Keep images out and repeat all data exactly.

Dataset entries:
Segment Open

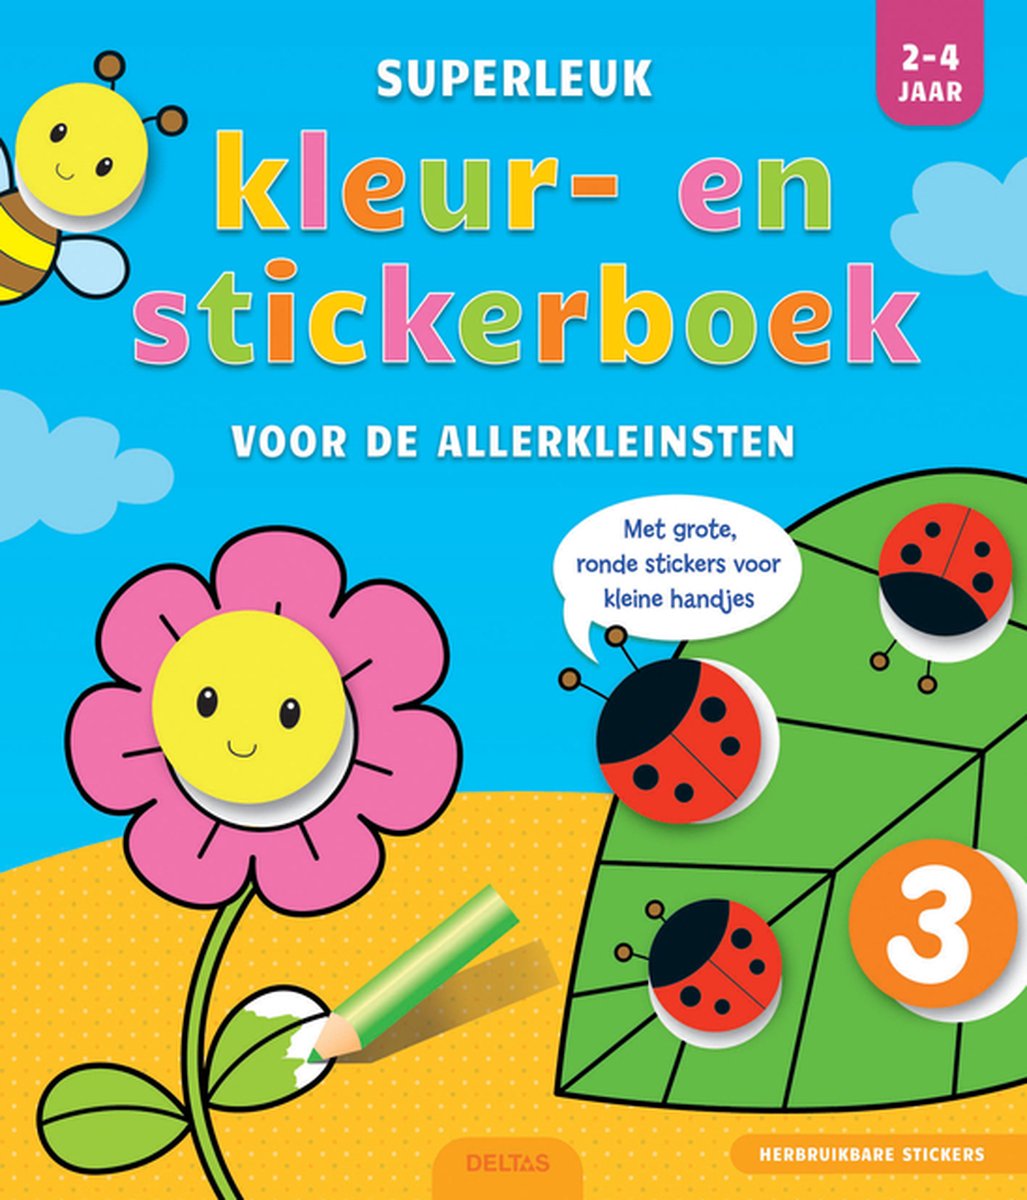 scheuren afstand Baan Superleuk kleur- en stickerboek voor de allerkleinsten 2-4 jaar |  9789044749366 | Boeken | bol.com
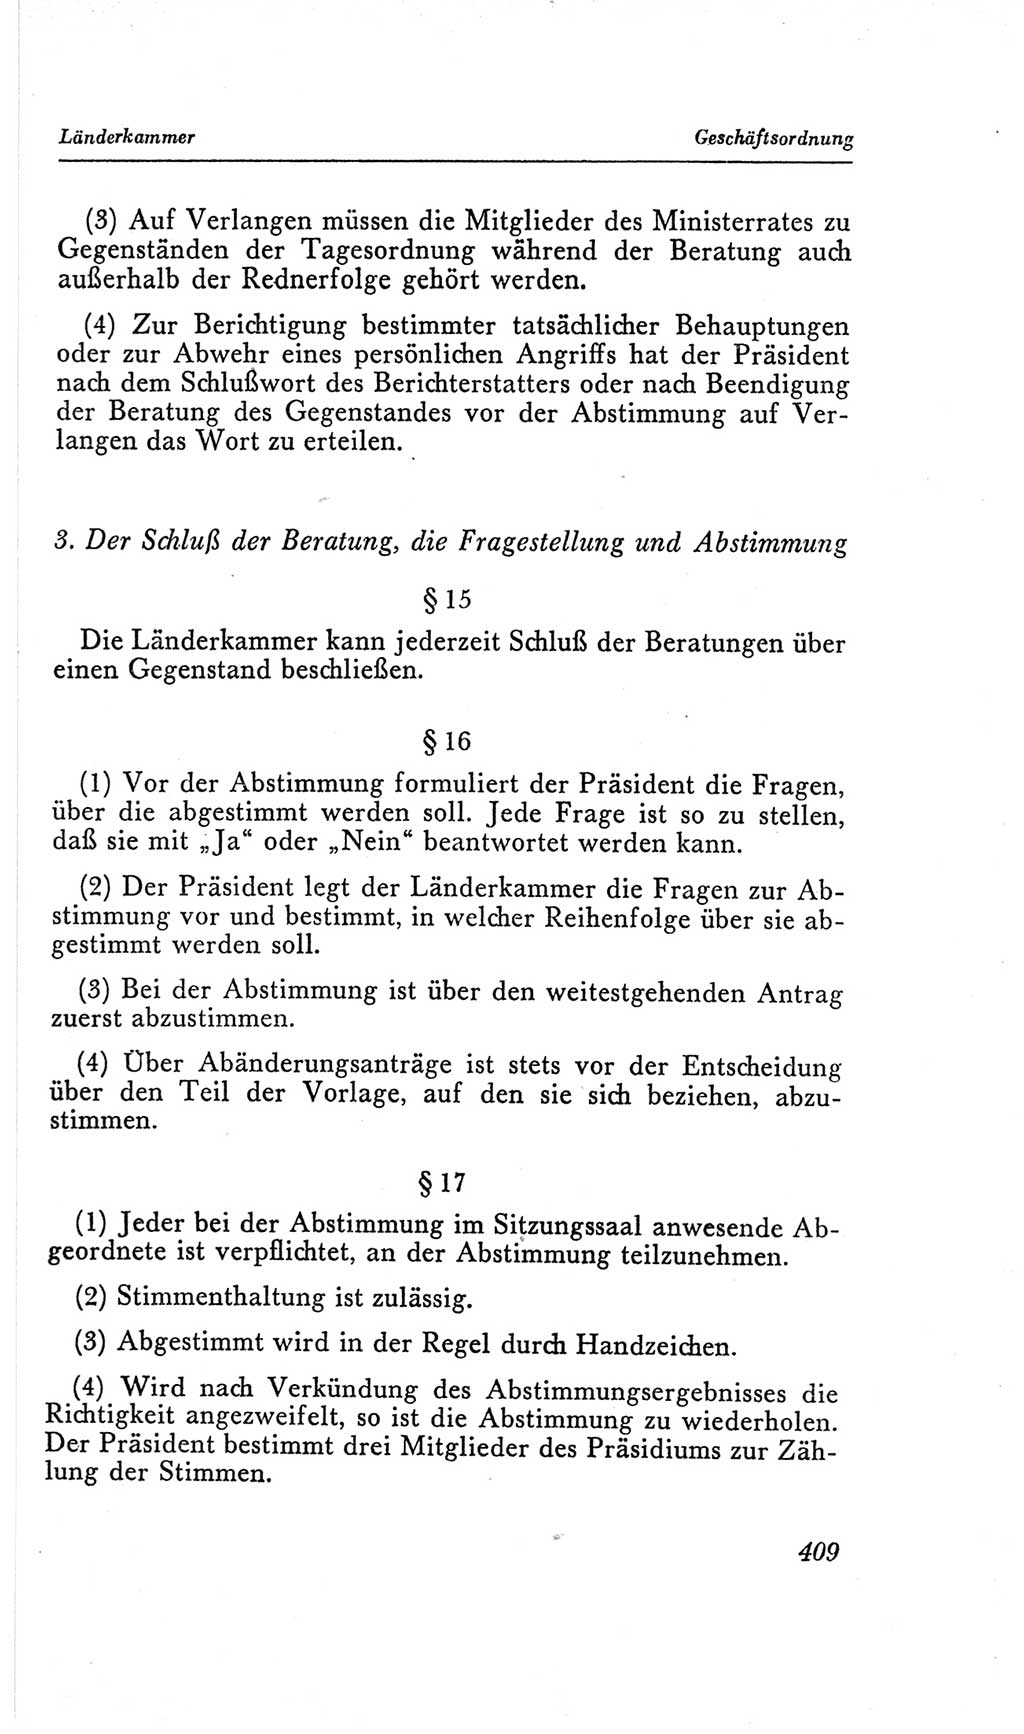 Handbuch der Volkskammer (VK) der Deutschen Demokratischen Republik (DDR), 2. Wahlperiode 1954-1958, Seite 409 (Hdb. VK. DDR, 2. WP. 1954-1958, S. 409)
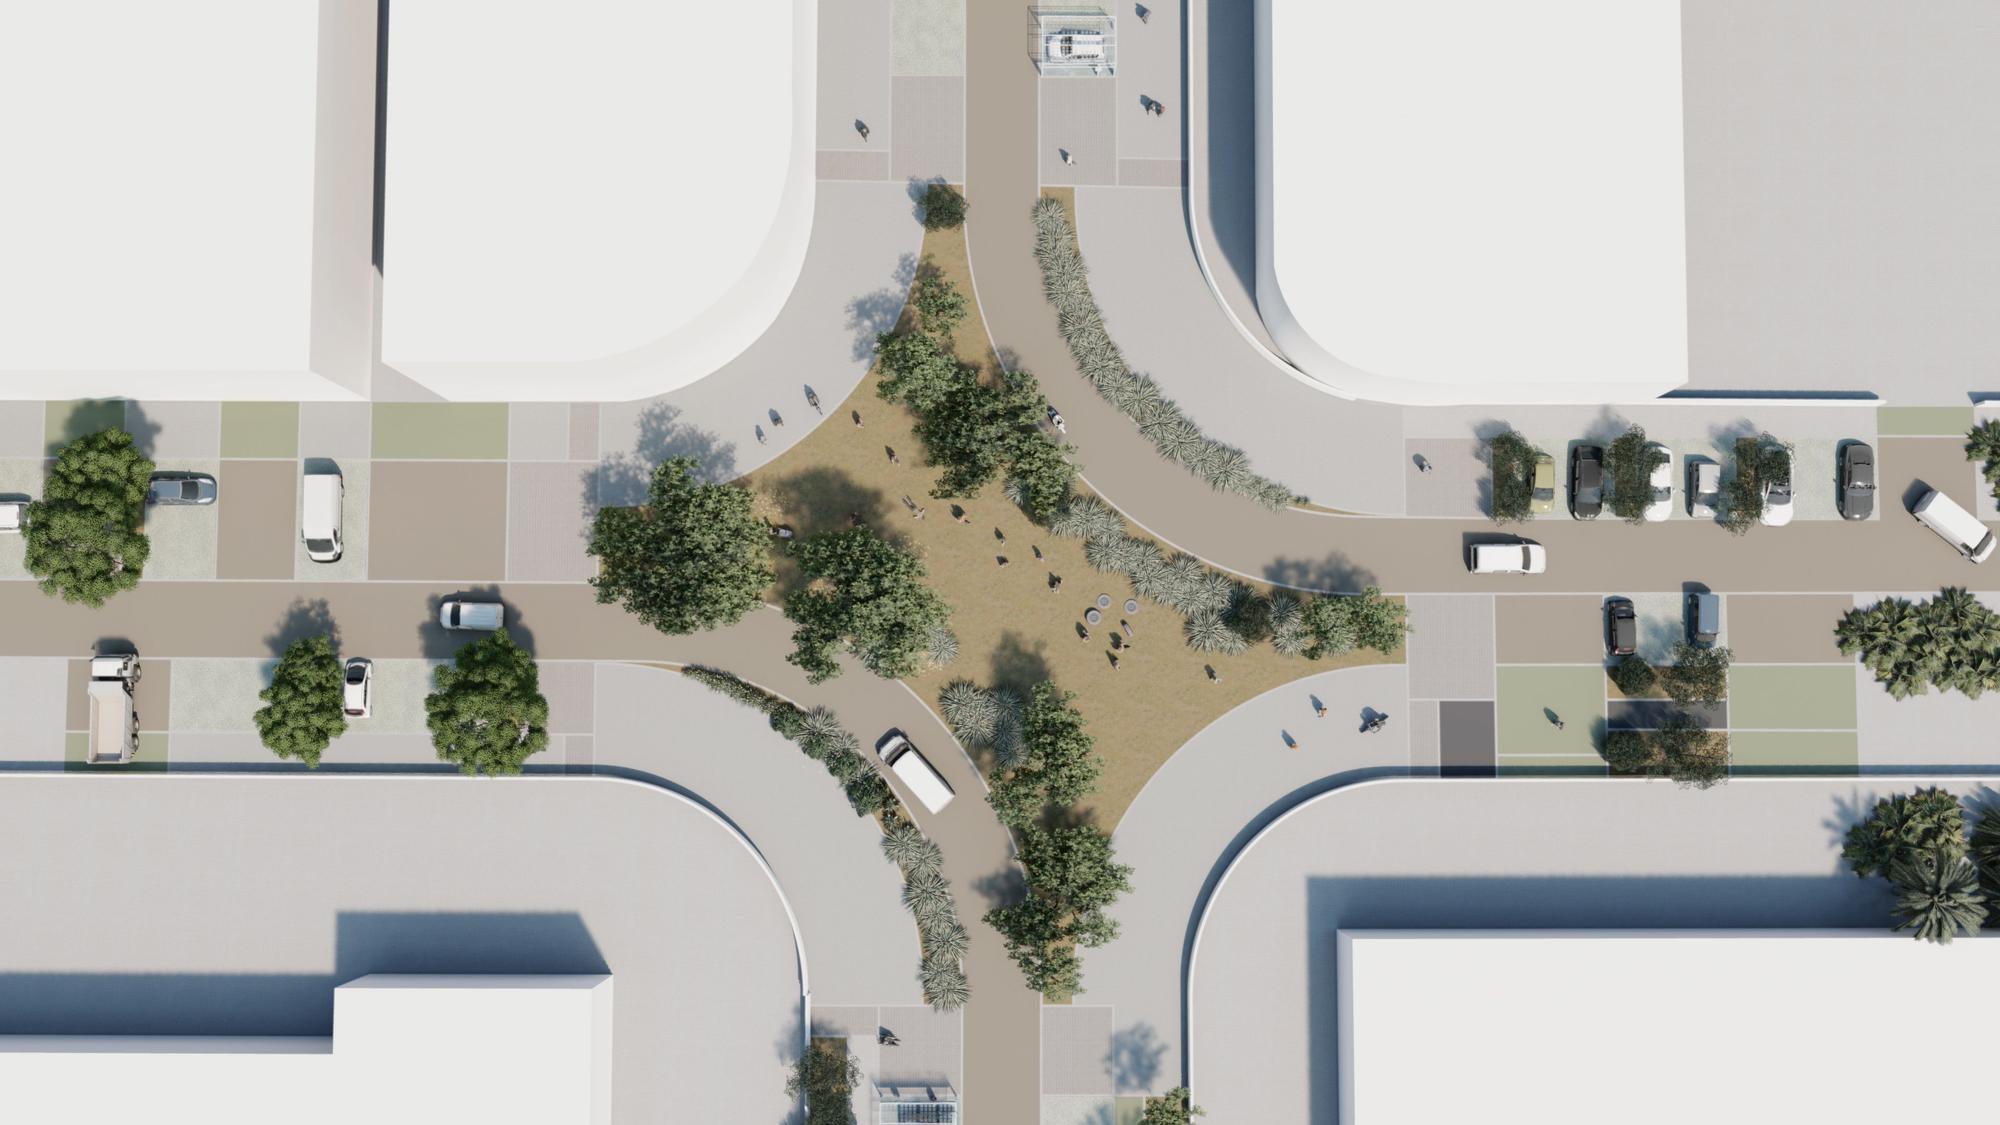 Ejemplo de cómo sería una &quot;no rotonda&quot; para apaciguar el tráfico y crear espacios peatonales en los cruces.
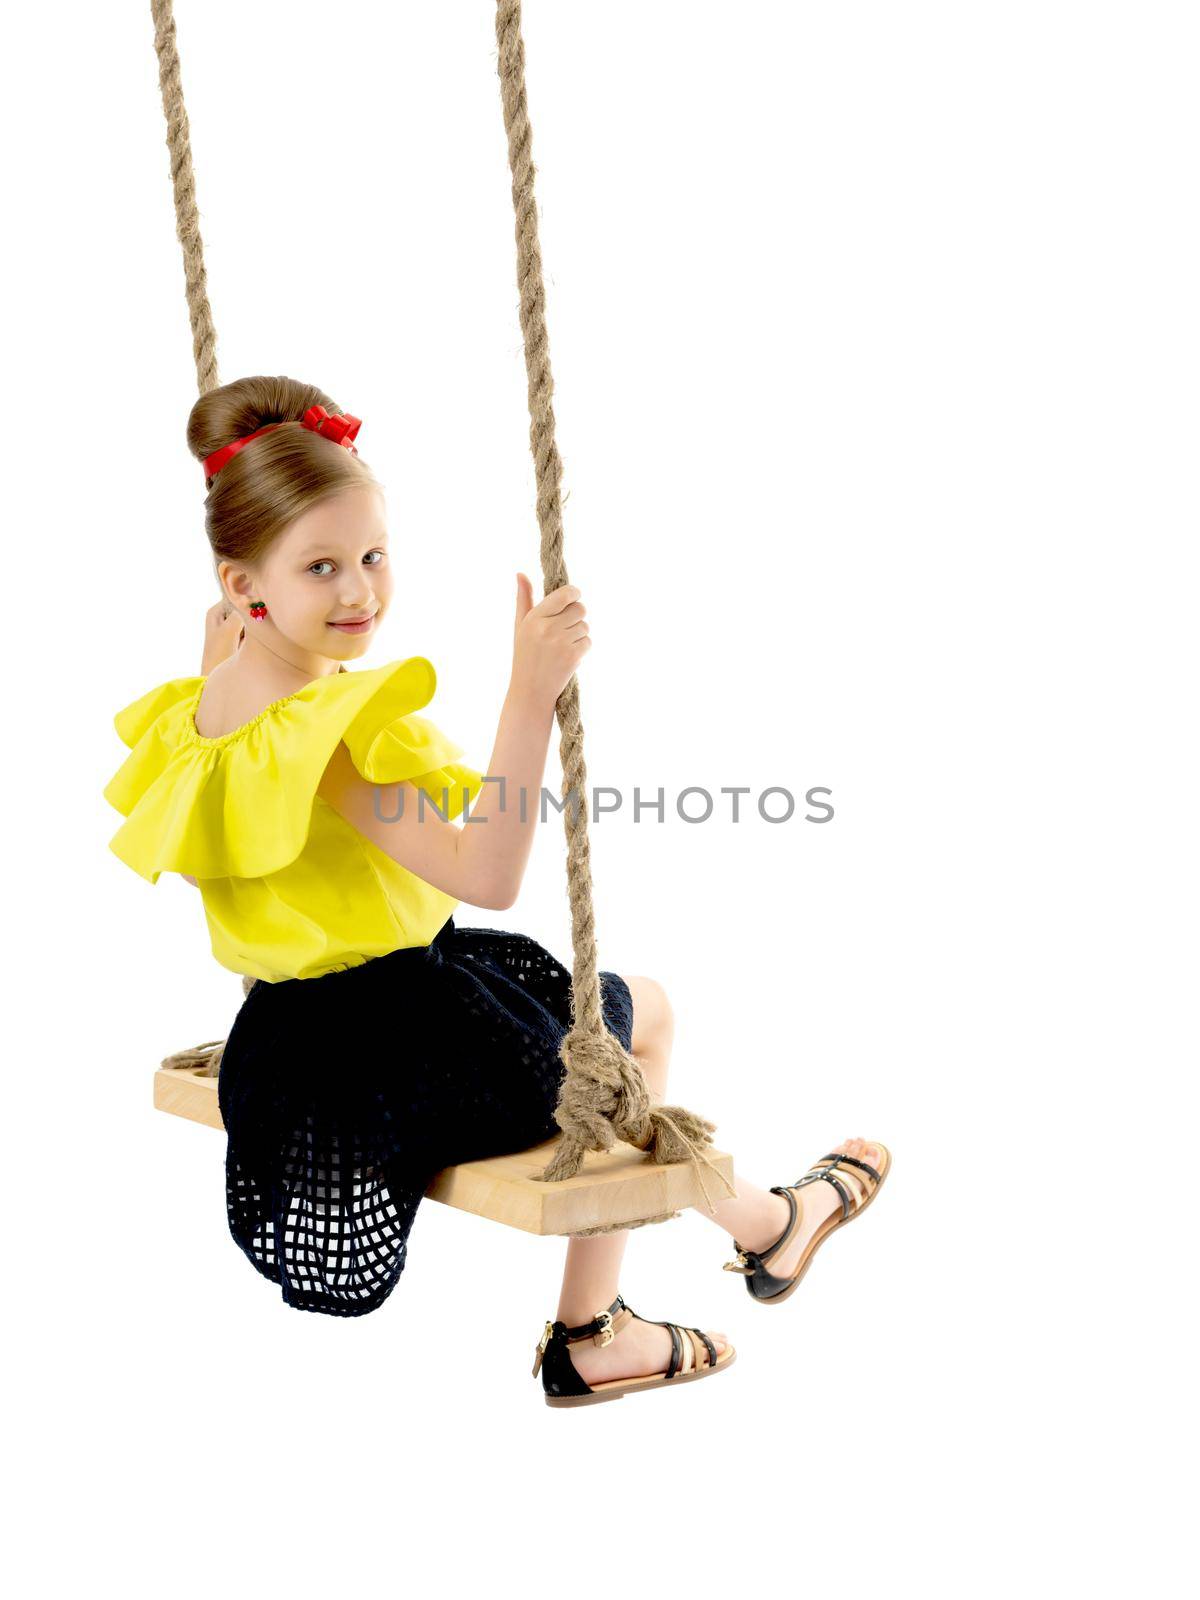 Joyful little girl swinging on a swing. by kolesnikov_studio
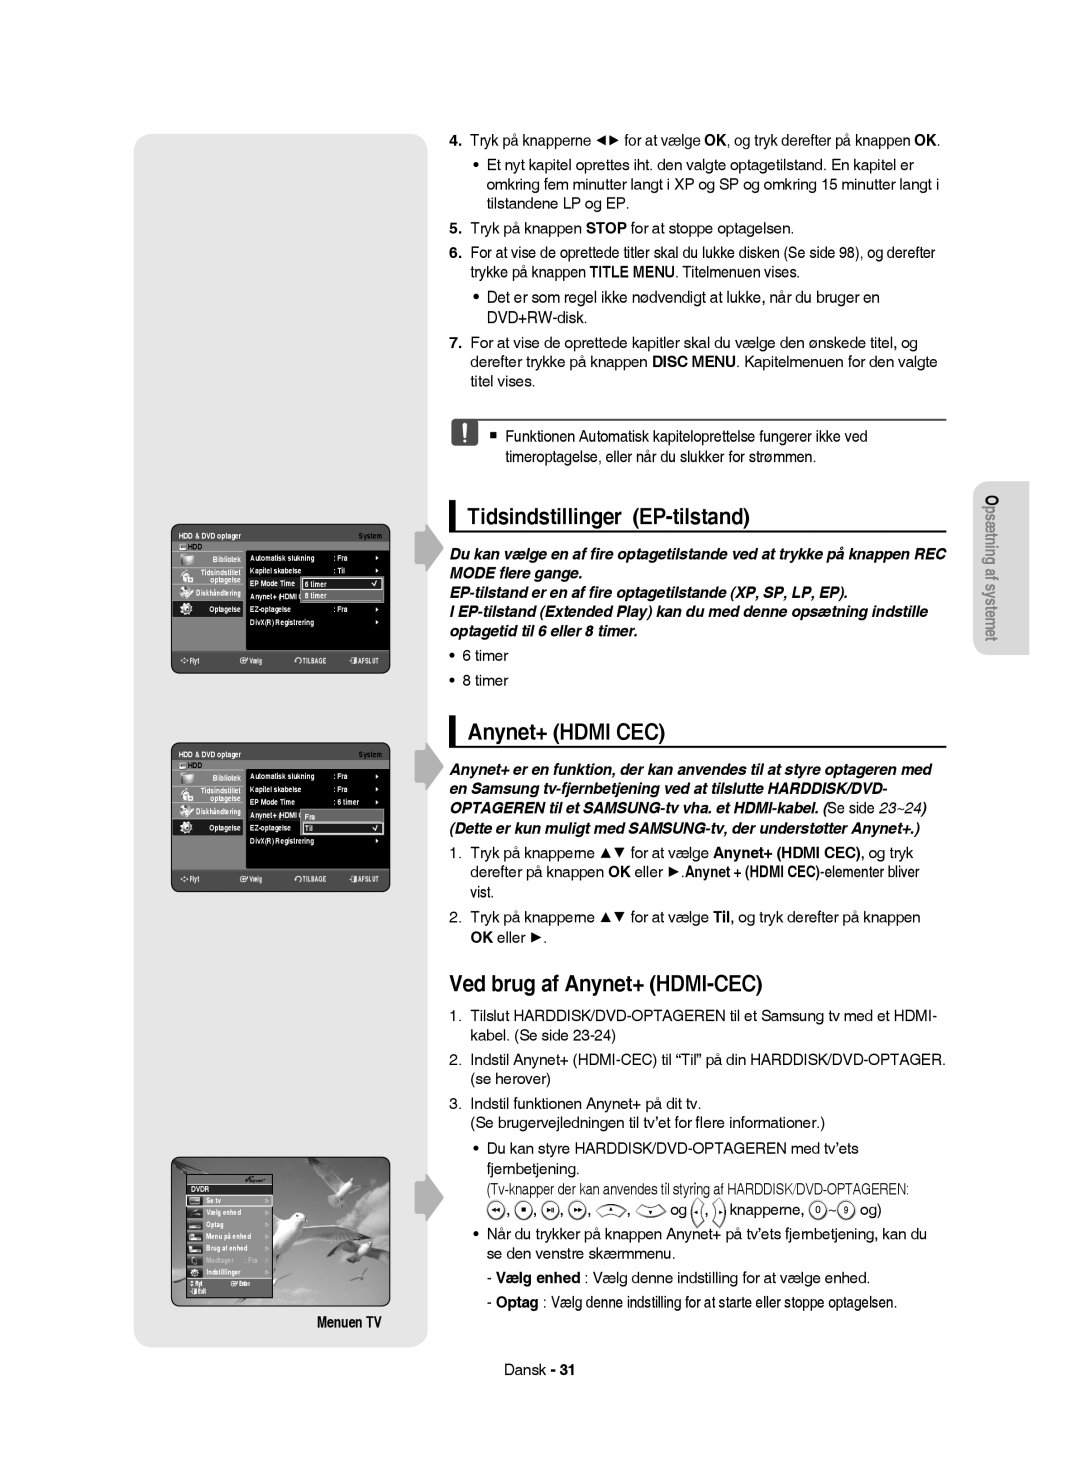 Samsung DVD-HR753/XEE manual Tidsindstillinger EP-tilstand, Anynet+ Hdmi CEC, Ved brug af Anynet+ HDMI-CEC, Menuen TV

Segment Closed

Completed task:
 scheuren afstand Baan Superleuk kleur- en stickerboek voor de allerkleinsten 2-4 jaar |  9789044749366 | Boeken | bol.com
 Handbuch der Volkskammer (VK) der Deutschen Demokratischen Republik (DDR), 2. Wahlperiode 1954-1958, Seite 409 (Hdb. VK. DDR, 2. WP. 1954-1958, S. 409)
 Ejemplo de cómo sería una &quot;no rotonda&quot; para apaciguar el tráfico y crear espacios peatonales en los cruces.
 Joyful little girl swinging on a swing. by kolesnikov_studio
 Samsung DVD-HR753/XEE manual Tidsindstillinger EP-tilstand, Anynet+ Hdmi CEC, Ved brug af Anynet+ HDMI-CEC, Menuen TV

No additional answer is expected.